Although the state government has begun the rehabilitation of roads, which Sanwo-Olu said were the major cause of traffic in Lagos metropolis, his promise of easing the traffic in one of the city’s most gridlocked axis – Apapa-Oshodi Expressway – within 100 days of his government has fallen flat.
“I spent six hours in traffic between Oshodi and Okota earlier this month,” a digital media strategist, Olamipe Olanrewaju told The Guardian. “The inner street route I used every day because of the traffic on the expressway was completely jammed.”
Unfortunately, the expressway, presently undergoing some rehabilitation, is important to the nation’s economy as it connects to the country’s most viable ports. It is estimated that the gridlock in the area bleeds the economy to $10 billion annually.
During a televised governorship debate, Sanwo-Olu said he identified 62 gridlocks in the state, stating that some were “low-hanging” traffic problems, which can be resolved within the “first 60 days” in office.
“So first 60 days is to solve the ones that are low-hanging, about 20 or 22 of them,” he promised, adding that there are other gridlocks, which are “medium and long term” traffic problems. He did not mention if the Apapa gridlock was part of it.
However, the governor categorically said he will “tackle” the Apapa gridlock within his first 100 days in office.

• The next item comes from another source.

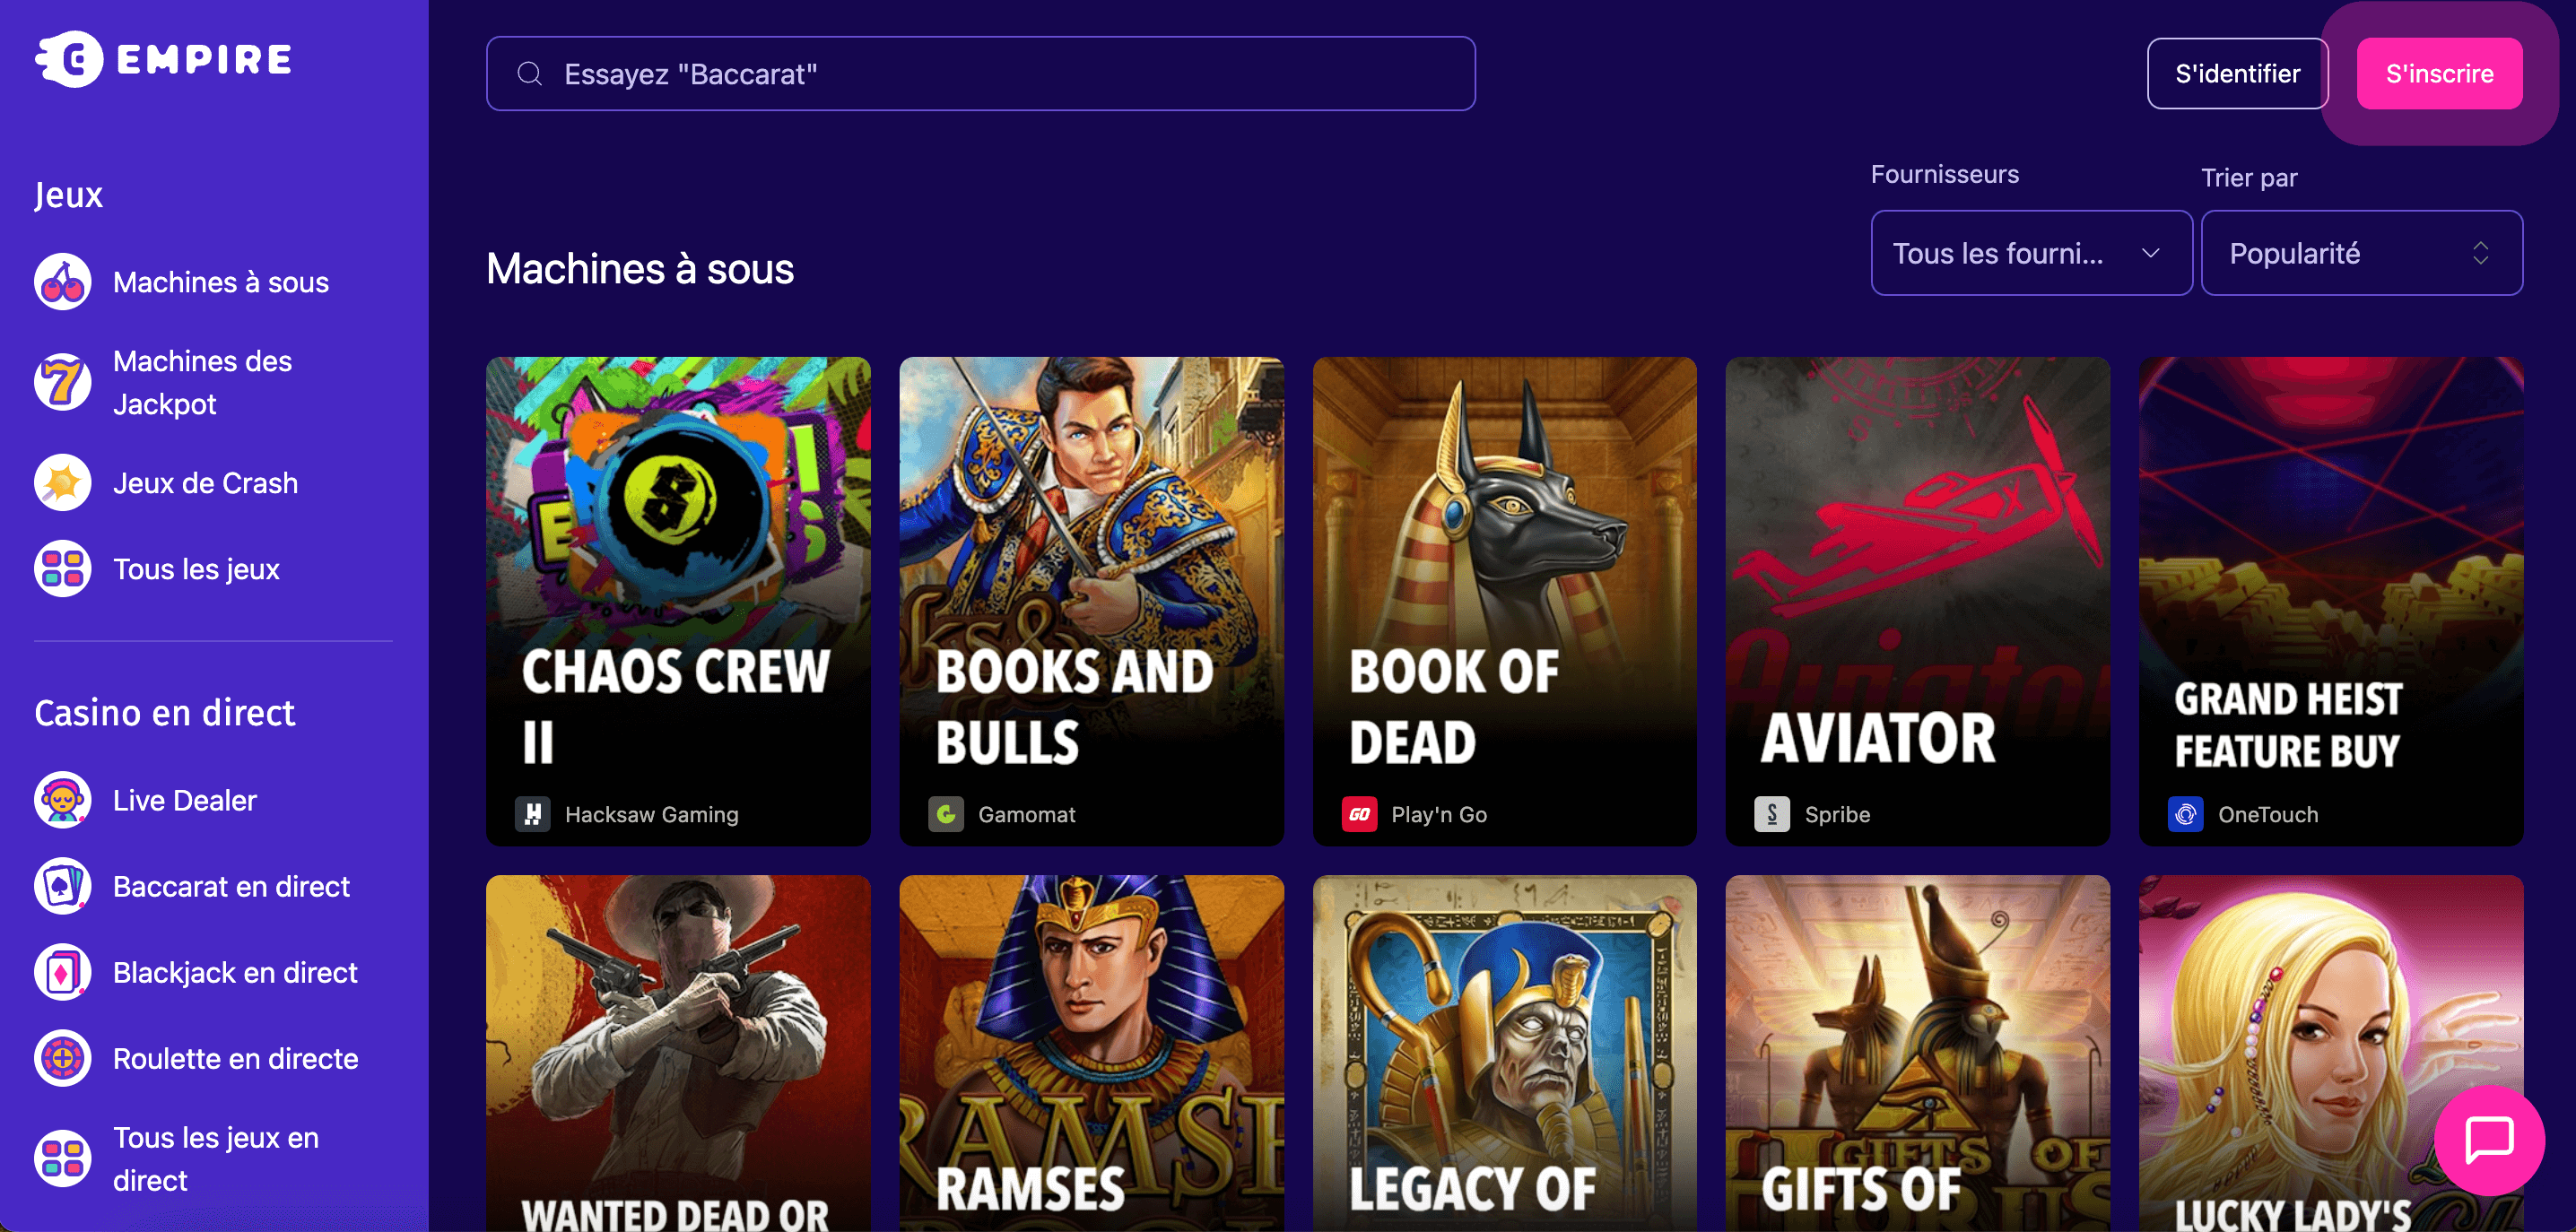 Empire casino homepage

“In the first 100 days, I will tackle the gridlock in Apapa, I will need to clear out all the traffic and all the trailers on top of Apapa bridge and I will ensure that we do not see the nightmare anymore,” he promised during the debate.
Soon after he was sworn in, the governor and his deputy, Obafemi Hamzat, visited sections of the road to signal his intention to rid it of traffic. His initial efforts were complemented by the Federal Government, when it ordered on May 22, “the immediate removal of all trucks from the bridges and roads within Apapa and all adjoining streets leading into the Apapa axis.”
The Guardian checks on the route a few weeks after the federal government order showed that the tankers and trailers have returned to some sections of the road. Freight trucks and petrol tankers were still seen parked on the expressway on Wednesday morning, a queue that could be seen extending to Ijesha bus stop, about 10 kilometres from Apapa.
The traffic on the stretch of the road between Apapa and Oshodi is further aggravated by the ongoing reconstruction of the busy highway. But Oshodi-Apapa Expressway has not always been synonymous with gridlocks. Google Satellite images showed that the expressway was largely free of traffic jams and had smooth surfaces as at March 2017.
A resident of Festac Town said the problem began when the truckers heading to the Apapa ports, running away from bad roads in Apapa started parking on the roads and bridges inward Apapa.
“I have been here for 14 days,” a truck driver, Abdulahmeed Mohammed, who came to Lagos from Kano, told The Guardian.
“It was not like this before,” another driver Saheed said.